Opened 7 years ago
Closed 2 years ago
#1028 closed Bug / Defect (wontfix)
iOS: PKCS5 error when prompted for the private key password (encrypted with OpenSSL 1.1)
Reported by: | Matteo13 | Owned by: | OpenVPN Inc. |
---|---|---|---|
Priority: | major | Milestone: | |
Component: | OpenVPN Connect | Version: | OpenVPN Connect for iOS v1.2.9 |
Severity: | Not set (select this one, unless your'e a OpenVPN developer) | Keywords: | easy-rsa openssl pkcs5 |
Cc: |
Description
The latest version of OpenVPN connect doesn't seem to be able to decrypt RSA/EC private keys.
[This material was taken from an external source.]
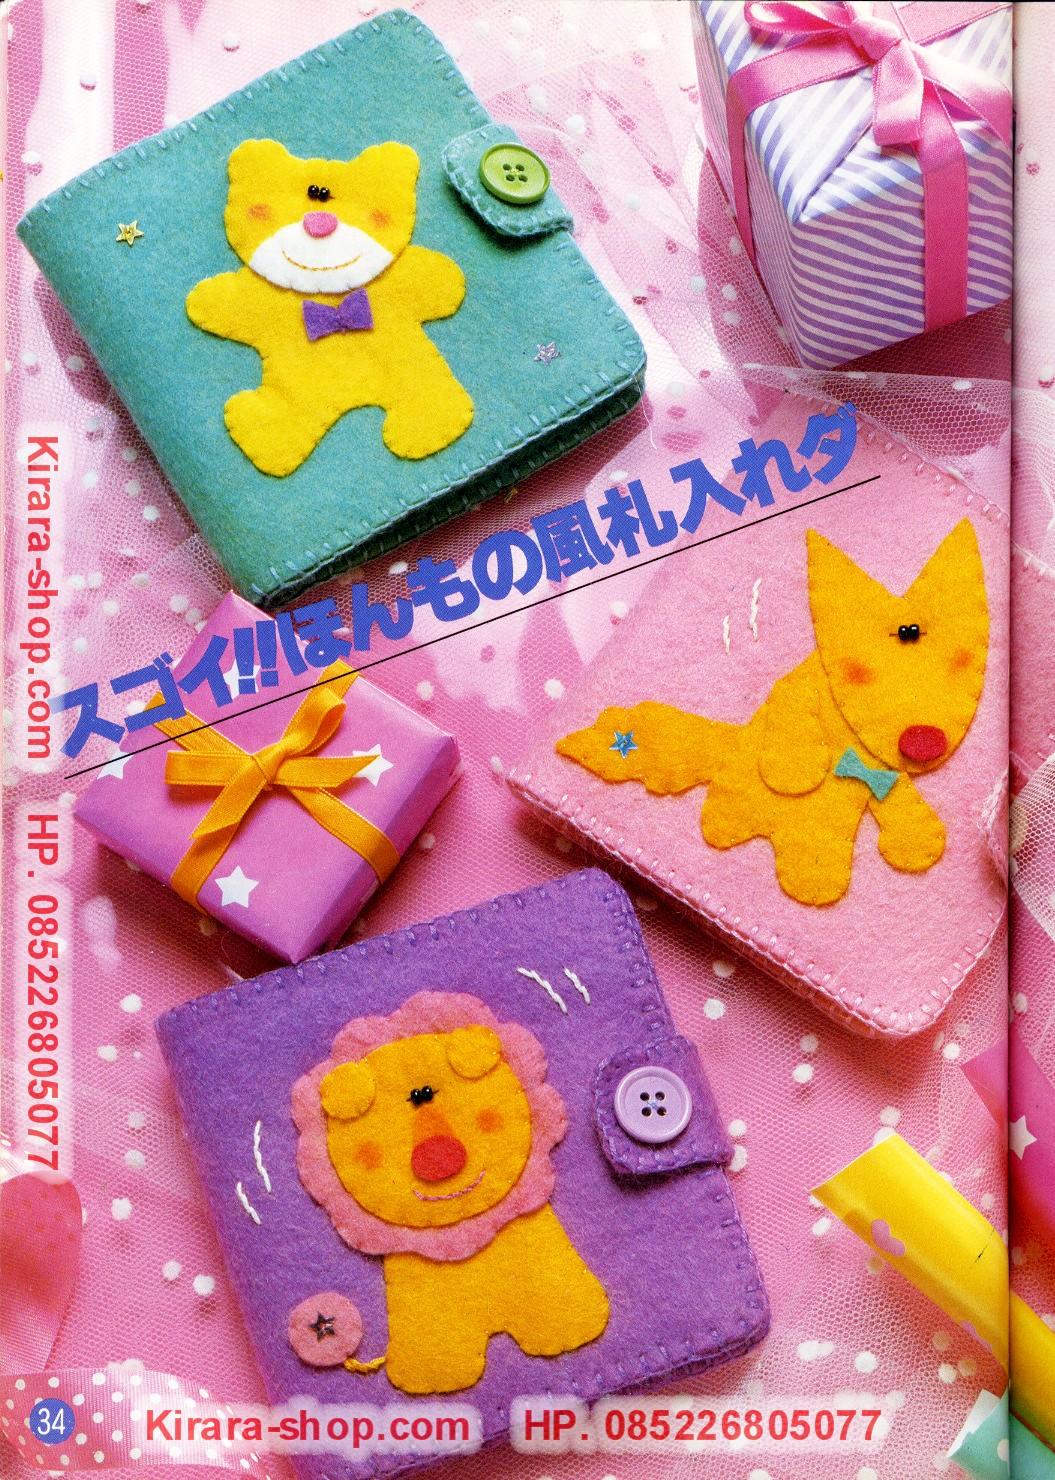 tas+kain+flanel%2C+dompet+flanel%2C+tas+flanel%2C+flanel+toys%2C+cake ...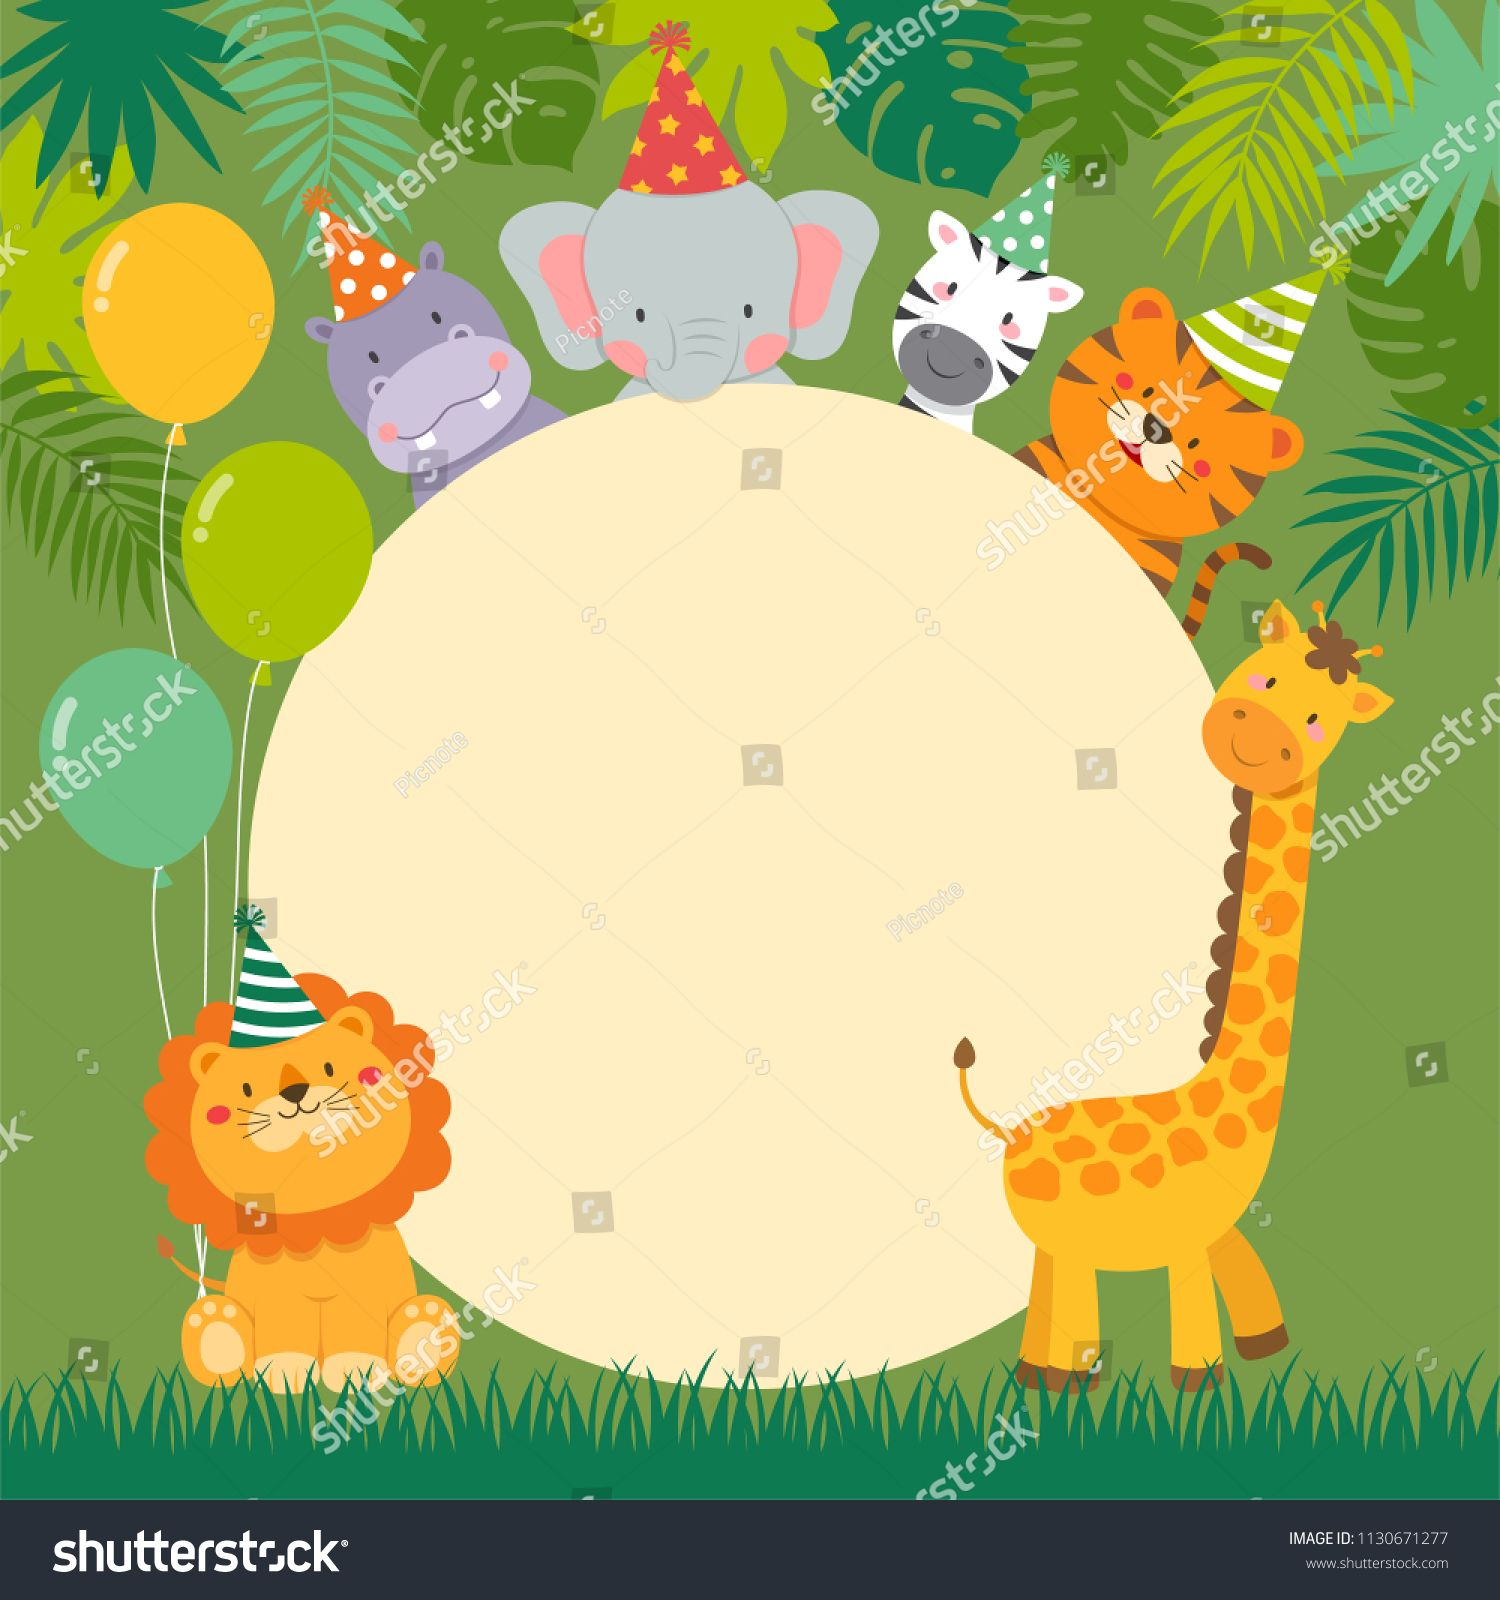 Cute Wildlife Animals Cartoon With Circle Border For Party Invitation Card Templatecartoon Circle Animals Cute Wildlife Animals Cartoon Animals Wildlife

I'm importing the .ovpn with the embedded key starting with "-----BEGIN ENCRYPTED PRIVATE KEY-----".
I am being asked for a password but it's not accepted, here is the error:
EVENT: CORE_ERROR mbed TLS: error parsing config private key : PKCS5 - Requested encryption or digest alg not available [ERR]
I'm attaching two sample keys, password is "test"
Attachments (2)
Change History (8)
Changed 7 years ago by
Attachment: | ecpass.ovpn added |
---|
Changed 7 years ago by
Attachment: | rsapass.ovpn added |
---|
comment:1 Changed 7 years ago by
Resolution: | → fixed |
---|---|
Status: | new → closed |
comment:2 Changed 7 years ago by
Resolution: | fixed |
---|---|
Status: | closed → reopened |
I opened the issue because indeed version 1.2.9 did not work for me, I’m still getting the error. I also posted it on the forum https://forums.openvpn.net/viewtopic.php?f=36&t=25929
Also, I’m generating the PKI with easyrsa version 4.4, openssl 1.1, using this config:
set_var EASYRSA_ALGO ec set_var EASYRSA_CURVE secp384r1 set_var EASYRSA_DIGEST sha256
comment:4 Changed 7 years ago by
Status: | reopened → assigned |
---|---|
Summary: | iOS: PKCS5 error when prompted for the private key password → iOS: PKCS5 error when prompted for the private key password (encrypted with OpenSSL 1.1) |
comment:5 Changed 4 years ago by
Owner: | changed from Antonio Quartulli to OpenVPN Inc. |
---|
comment:6 Changed 2 years ago by
Resolution: | → wontfix |
---|---|
Status: | assigned → closed |
OpenVPN Inc does not want to receive any feedback for the "Connect"
OpenVPN clients via the community bug trackers (here and in GH issues).
Please resubmit - if still relevant - via https://support.openvpn.net/
this should finally be fixed with 1.2.9. Please test and re-open this ticket if needed.